11 Jun, 2007 @ 14:50
1 min read

Endangered wildlife stops motorway plans


Government saves lynx, black stork and Iberian wolf colonies

THE Government has ditched plans to build a 300-kilometre motorway between Andalucía and central Spain over fears colonies of the endangered Iberian lynx were at risk.

The road linking Toledo with Córdoba would have cut through the Sierra Toledo and the Sierra Morena mountain ranges – two of the last global refuges of the nocturnal, wild cat.
Colonies of protected birdlife and the sole remaining habitat of the Iberian wolf in the south of Spain were also in danger had plans for the AP41 toll road gone ahead, a spokesman for the Ministry of the Environment said.

Environmentalists welcomed the Government’s decision to shelve the plans.

Juan Carlos del Olmo, the Secretary General in Spain of wildlife protection group WWF, said: “The road was one of the most damaging, absurd and unnecessary plans the government had ever come up with.

“Many protected species would have been wiped out.”

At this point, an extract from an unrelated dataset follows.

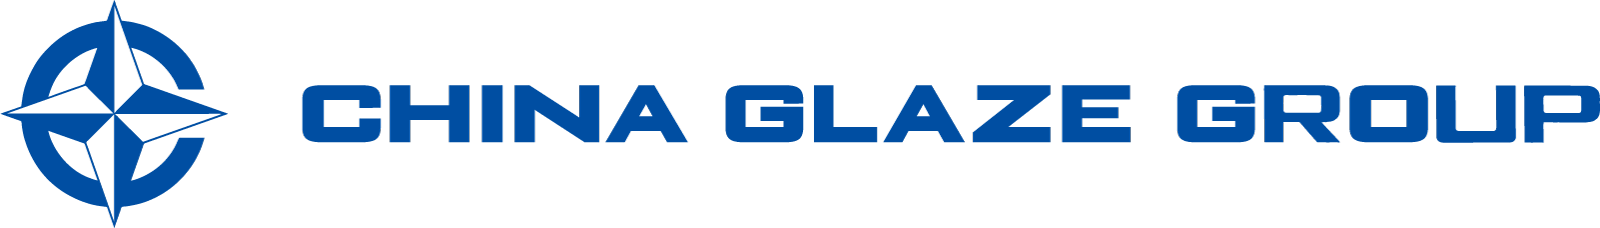 技術開発ページ、台湾本社のChina Glaze Co., Ltd.（和名：チャイナグレーズ株式会社）ははガラス粉末やセラミックスピグメントの製造カンパニーです。各種の導電ペースト用ガラス粉末、自動車LEDライト用顔料、プロジェクター用顔料、建材デジタルプリントカラー顔料を製造してます。

Bird group SEO had voiced their concerns as the multi-million-euro road would also destroyed nesting sites of the imperial eagle and endangered black stork in the Sierra Moreno.

“Fortunately, wildlife has defeated construction for once,” spokesman Alejandro Sánchez said.

The Ministry of Public Works is now considering alternatives for the road, one of which is believed to run parallel with the existing Madird-Córdoba AVE high speed rail track.

The Iberian lynx is the most endangered feline in the world, with only 250 remaining in the wild – all in Spain. The last recorded sighting of the cat in Portugal was in 2001.

Their numbers have fallen dramatically over the past 150 years in the Iberia peninsula, with farming, poaching and traffic the main reasons for their demise.

Another important factor is a drop in numbers of the lynx’s principal food source – the rabbit

This is not the first construction project the Government has stopped in recent years.

In 2005, three controversial reservoir projects in Segovia, Teruel and Lugo were paralyzed before work on a gas centre in the centre of Sevilla was stopped following negative environmental impact reports.

The Ministry of the Environment, headed by Cristina Narbona, also proposed tough new measures last week to stop town halls reclassifying protected land.